**TASK DESCRIPTION:** Produce a word-for-word copy of the lines from the one that contains "Tom Bellevergue, Portugal-@johnduquoc" to the final line of the data below, with all pictures dropped.
+++ DATA EXTRACT +++
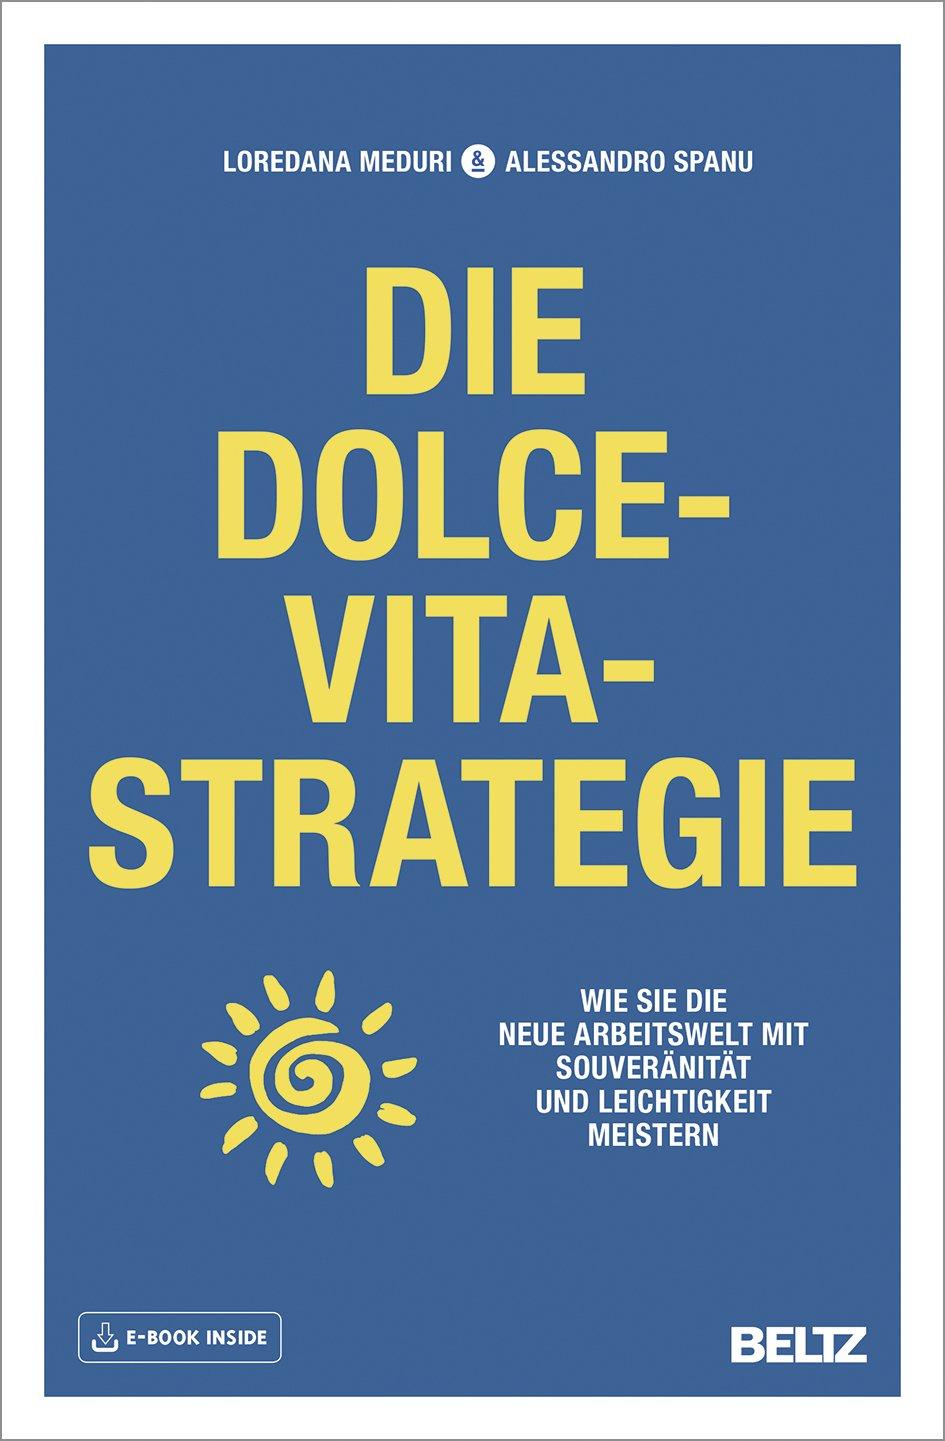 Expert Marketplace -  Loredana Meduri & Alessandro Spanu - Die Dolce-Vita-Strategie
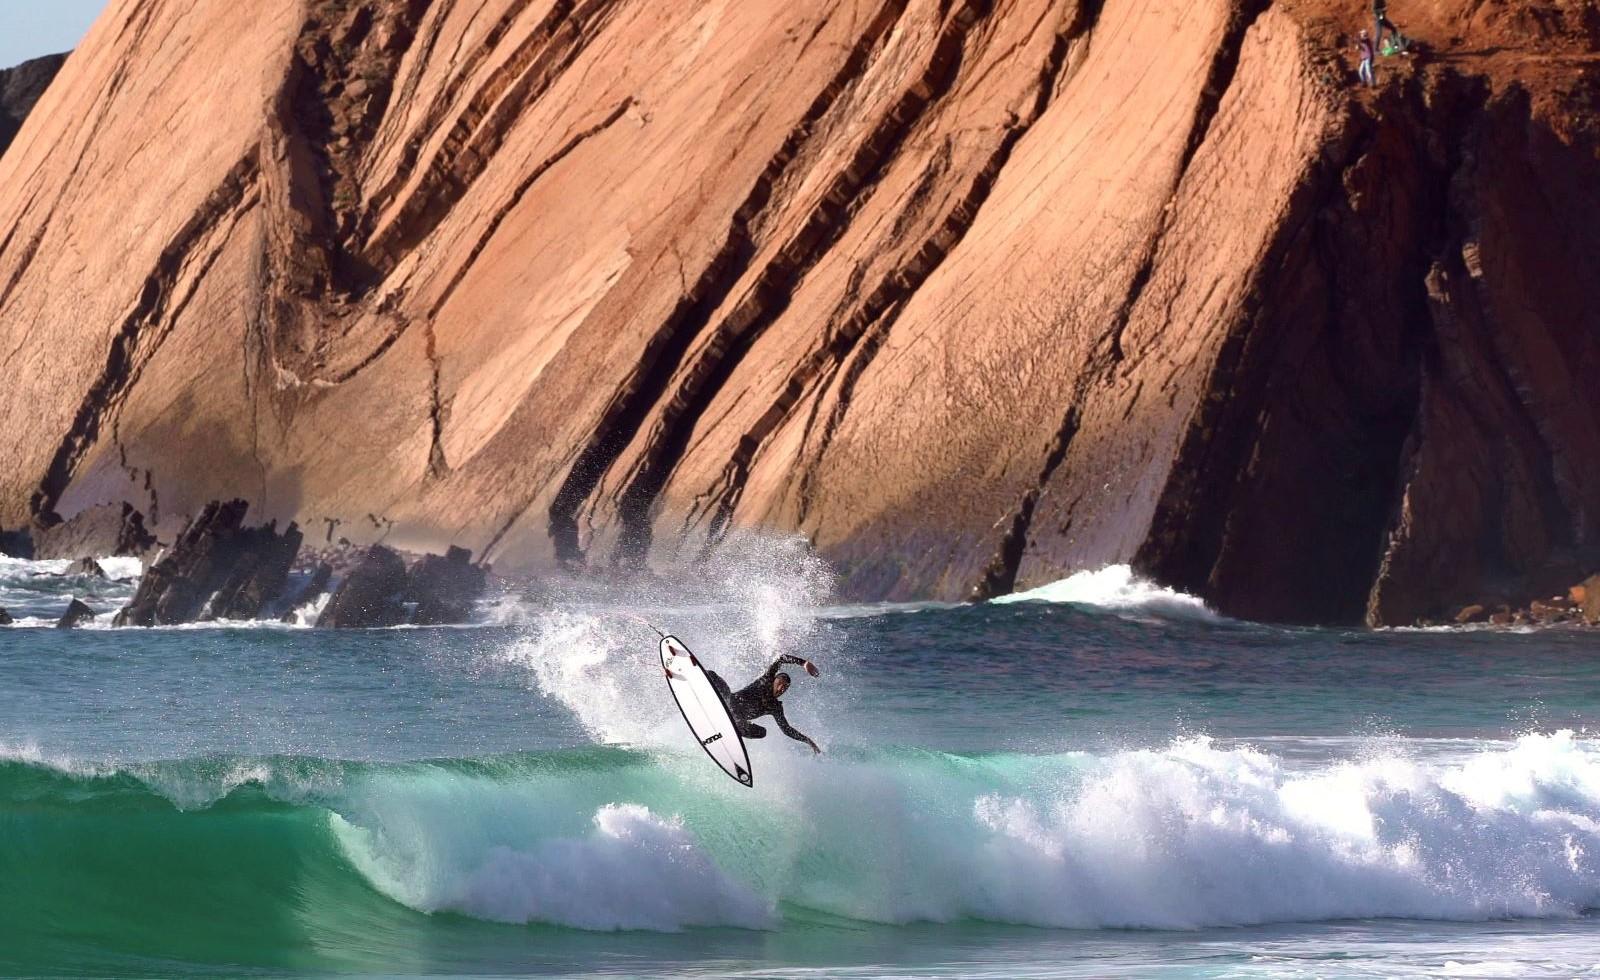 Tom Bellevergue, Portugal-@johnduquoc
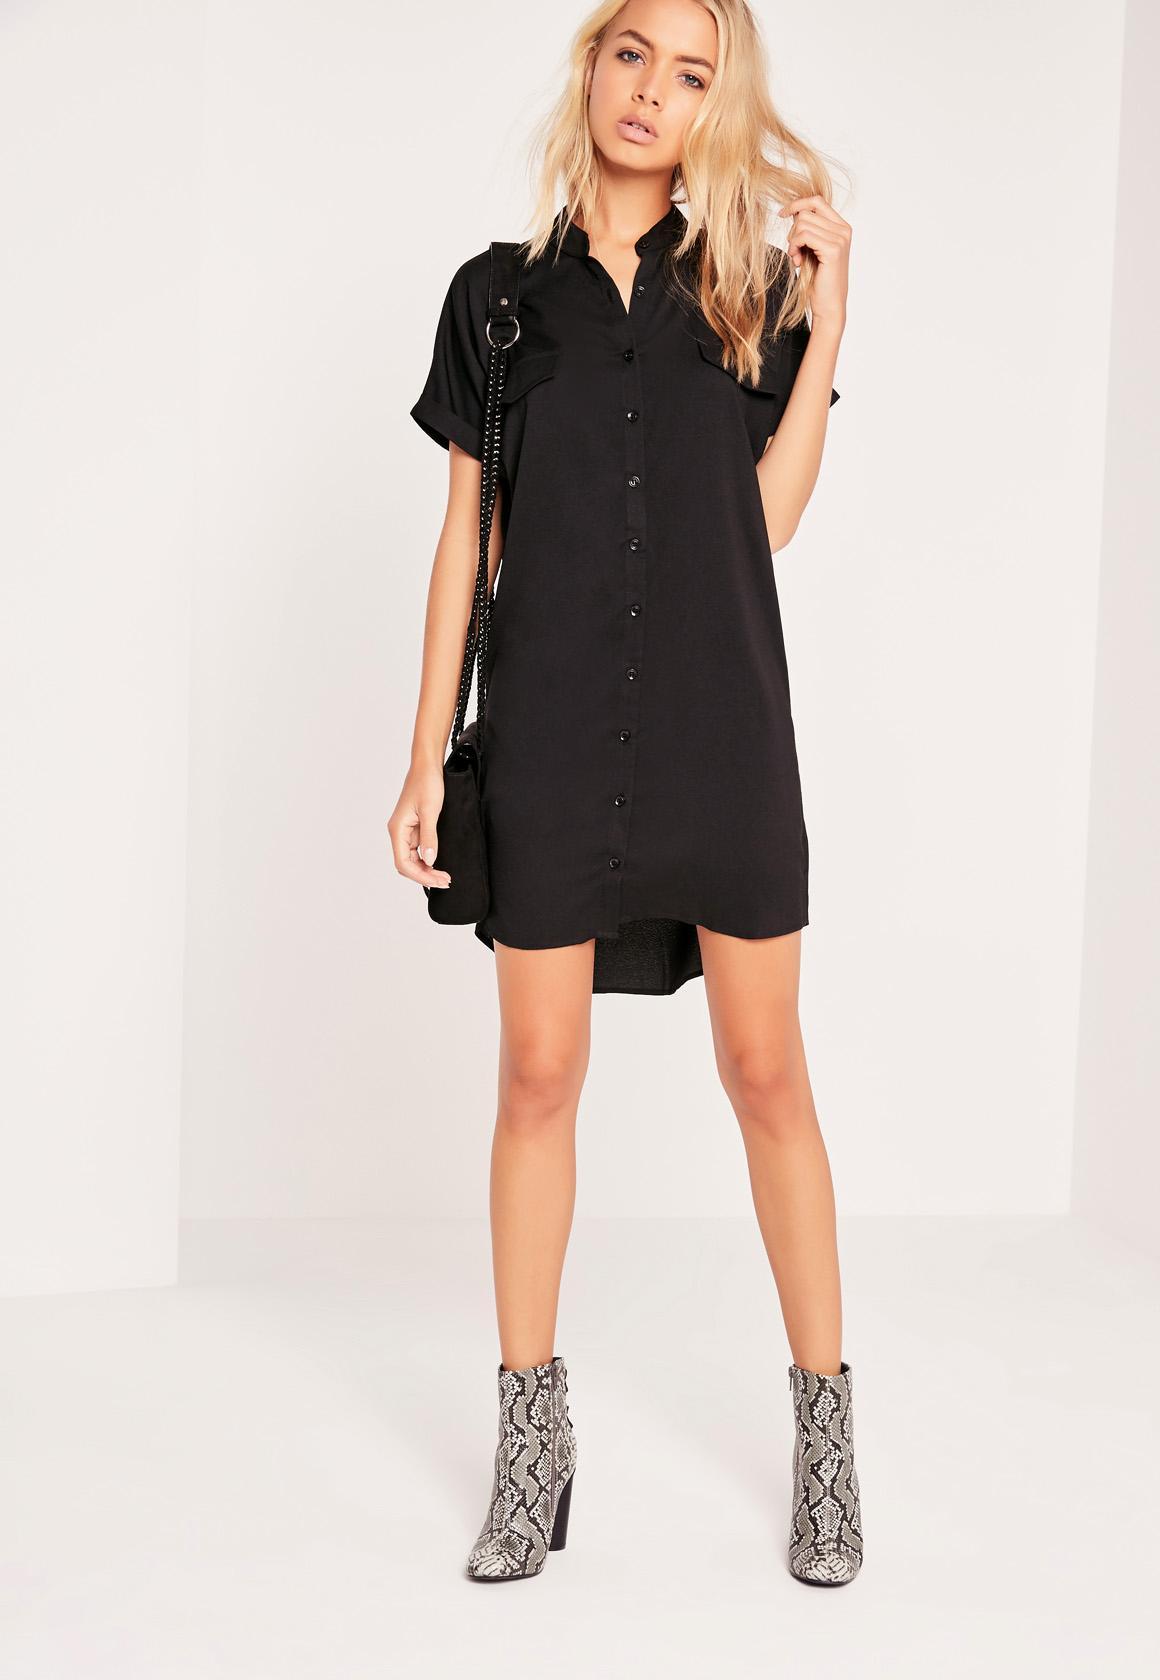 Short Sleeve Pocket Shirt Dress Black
+++
**FINISHED TASK:**
 Tom Bellevergue, Portugal-@johnduquoc
 Short Sleeve Pocket Shirt Dress Black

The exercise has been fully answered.